How would she do it? How could she do it that would bring the least bit of trauma to them?
And that’s when she realized it. She already held her weapon. Her body held her weapon. The knowledge slid into her veins like the poison she’d already taken in, suffered through, and survived. Cancer had her. She would grasp it in her own hands, under her own skin, deep within her own bones, and she would use it to kill herself. It was her decision, not cancer’s.
It wouldn’t be easy. It wouldn’t be fast. Two to three months. Her husband and daughter would witness it, but they would witness what they were expecting and not see it as their wife and mother giving up and taking her own life. They would think that cancer took her life.
They wouldn’t know that she swallowed cancer, sliced her wrists with cancer, breathed it in as deep as she could in lungs that were likely already afflicted.
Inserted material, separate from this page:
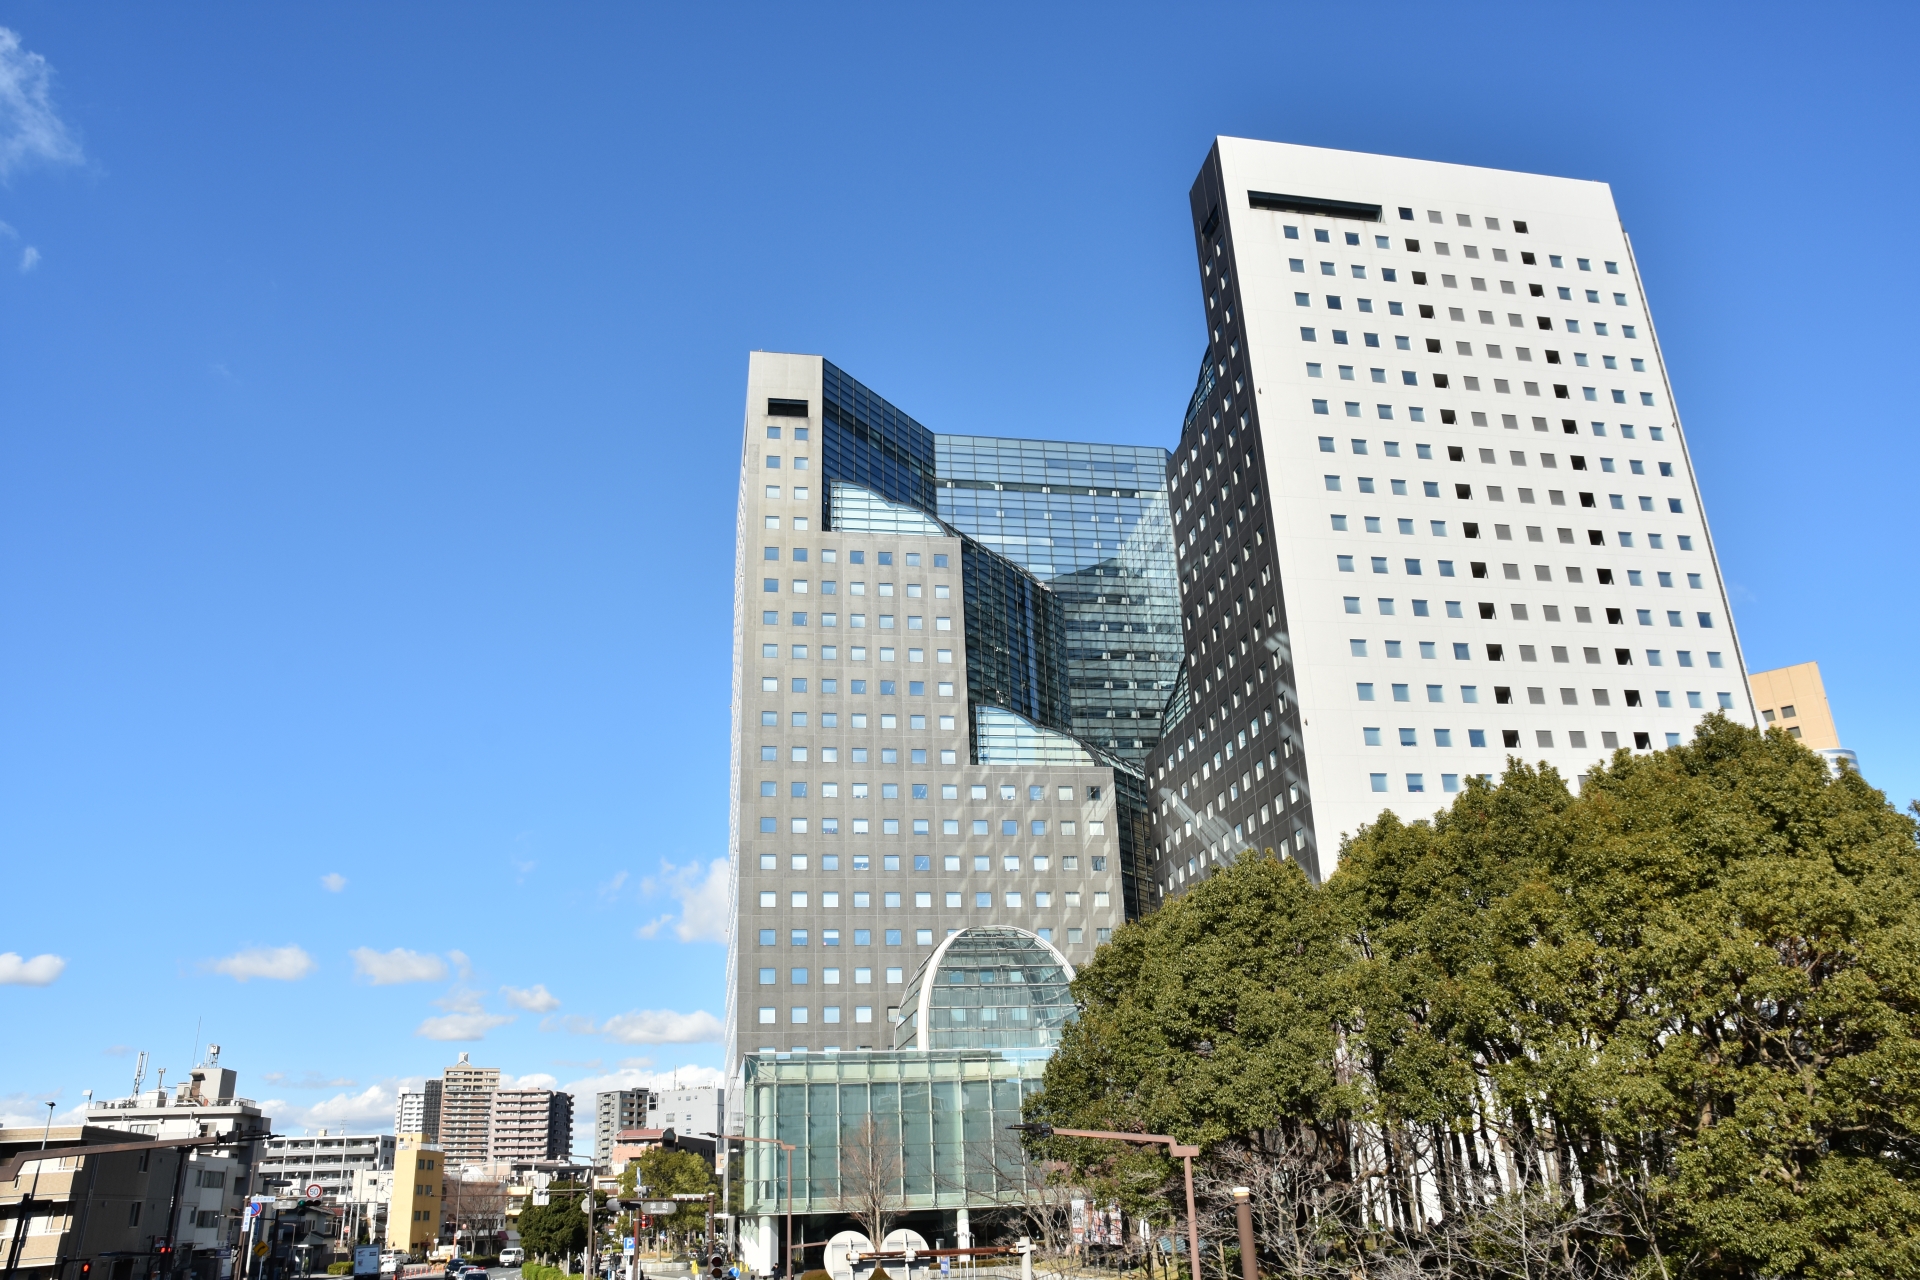 神奈川県では横浜市に次ぐ第2の都市として知られる川崎市。1924年に誕生し、72年に政令指定都市へ移行。翌年には人口が100万人を突破し、2017年に150万人を超えた。

Madeline felt cancer’s ache, starting at the top of her hips and branching upwards. She rested her hands in that hollow at the base of her spine before her body swelled out into the cradle that once carried her daughter. She pressed down, felt the ache spread.
Then she went upstairs and finally fell asleep.
Two months later, Madeline was bedridden and her husband was calling in hospice. A hospital bed was in the living room, next to the bay window so that Madeline could look outside when she was capable of turning her head.
Emma sat down next to her mother and held her hand. Madeline treasured the warmth. She breathed shallowly; every movement, even the raising and lowering of her chest hurt. There would be no ventilator, no oxygen, nothing but morphine. Madeline signed the Do Not Resuscitate order; her husband witnessed it. Dr. Franklin watched, her lips in such a tight line, Madeline wondered how the doctor could breathe herself.
Madeline didn’t wonder much anymore. She just waited.
“Mom,” Emma said. “In school today, I was doing some research for a paper for my social studies unit on social justice. Mom, in Oregon, if you move there, they allow assisted suicide.”
Madeline searched, found capability, and turned her head, not to see outside, but to see her daughter. She widened her eyes. It hurt.
“Mom,” Emma whispered, leaning forward, resting her head beside Madeline’s on the pillow. “Do you want to go there? Do you want me to take you? Dad and I could take you.”
Tears rose, rolled down Madeline’s cheeks, soaking her daughter’s hair. “You’d be okay,” she said and then drew breath, let it out, “with that?”
“I just want you to not be in pain anymore!” Emma wept.
Madeline breathed in her daughter’s scent, the feel of her skin against her cheek, the shudders, the so familiar shudders, that rocked her frail, fractured body. Then she closed her eyes and breathed out, letting her daughter be the one to find her.